What do you mean by “investing in demand expansion”?

These firms are constantly investing in complementary products that increase value for users connected to the ecosystem. For instance, when Google adds emails, calendar functionality, and navigation functionality to the search engine, Google’s search provides increased utility to me because these complements work together to generate even more value. Similarly, Apple’s AirPods work seamlessly with the iPhone, which works seamlessly with the iMac, and so on. These ecosystems of complementary products raise utility for consumers.

Also, the set of ecosystems that we will be using as consumers is not finite — there may be new ecosystems of applications that will rise, because it’s a very dynamic environment. Think of what happened with Zoom during the pandemic, as an example. Also, B2B middleware markets — companies like Stripe, Salesforce, Slack, Nextdoor, Twilio, Shopify — did not exist 20 years ago. And driverless cars are a big low-hanging fruit.

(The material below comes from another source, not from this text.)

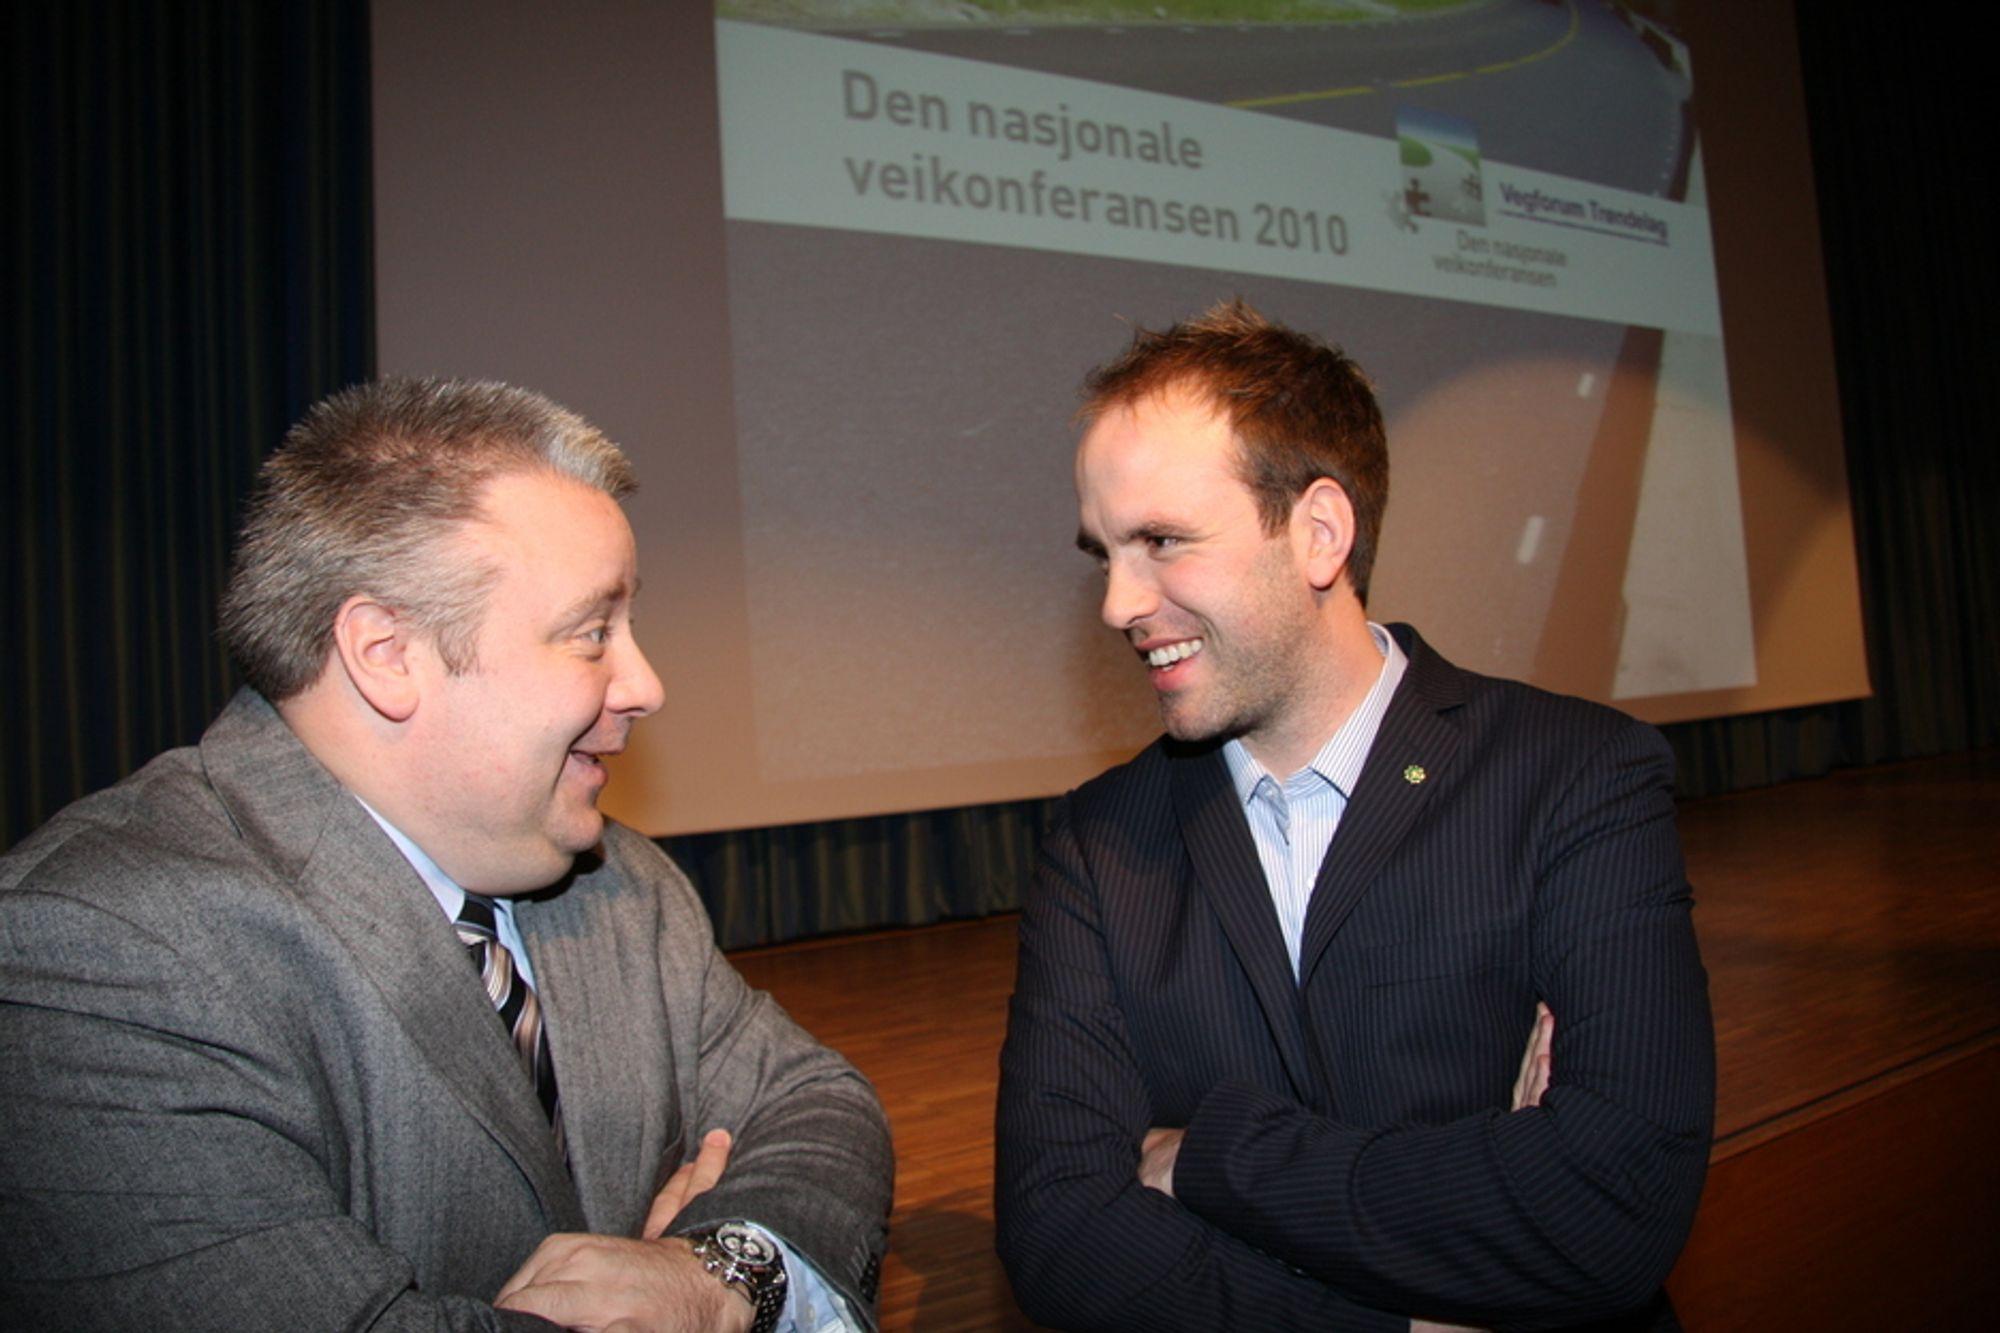 KORTERE PLANLEGGING: Statssekretær i Samferdselsdepartementet, Lars Erik Bartnes, og Frps Bård Hoksrud, er enige om at planleggingstiden til nye veiprosjekter tar for lang tid.

Are you concerned about these companies purchasing all of these smaller companies in order to prevent competition? Was Facebook buying Instagram a telling example of these firms buying up would-be competitors whose full potential we’ll never see?

Actually, if we were to put an end to these acquisitions by Big Tech, this would have a lot of counter-incentive effects on entrepreneurship and innovation. Most venture capitalists which fund these small startups really expect acquisitions to take place two-thirds or three-fourths of the time. They don’t expect most startups to receive IPOs. So you certainly do not want to kill the acquisition routes for the startups to exit.

People talk all the time about Facebook acquiring Instagram as the canonical example of something that went wrong. But people tend to forget: When Facebook acquired Instagram, Facebook was a very young company with a lot of uncertainty around it. And Facebook didn’t kill Instagram — it actually scaled Instagram to become really, really big. The capabilities of Instagram have increased to a huge extent under Facebook ownership. So this is a bad example of how acquisitions are a problem.

It’s unclear to me how breaking up these Big Tech firms would actually address concerns about privacy or “fake news.” Do you see a relationship between the most common critiques of these companies and antitrust as the solution?

No, I agree with you. I think the argument for breaking up these companies is emotional to some extent — some people are angry with these big companies, and a break-up is a vindictive, punitive way to show muscle and act on frustration.

There’s also the more analytical idea that breaking companies into multiple units creates competition by rivalry, which will lead to better outcomes because competition is generally a good thing. But this ignores two problems. First, if you create rivalry, you’re going to raise the number of outputs, which could end up increasing the volume of personalized advertisements and fake news, for instance. Second, these firms enjoy large network effects on the supply and the demand side, and so you’re going to lose a lot of efficiency if you break these companies into multiple business units.

These Big Tech companies are American companies. Why aren’t half of the biggest tech companies European companies?

For one, Europeans are generally more risk-averse than American entrepreneurs. Also, we Europeans don’t really have a single market, contrary to what people often say. For instance, very trivial things, like opening a bank account from one country to another in Europe, are very difficult. So imagine how much of a hurdle there is for a startup willing to expand the number of geographic markets in which it’s operating in Europe.

There’s also the Brussels effect: Even as the European Union dictates norms and standards for the worldwide community, it also is trying to create innovation through legislation. In particular, they deeply believe competition creates innovation. And I think this belief has a lot of truth to it, but I think that it’s probably more true that innovation creates competition. And Brussels is too much into the “competition creates innovation” paradigm and not enough into the “innovation creates competition” one.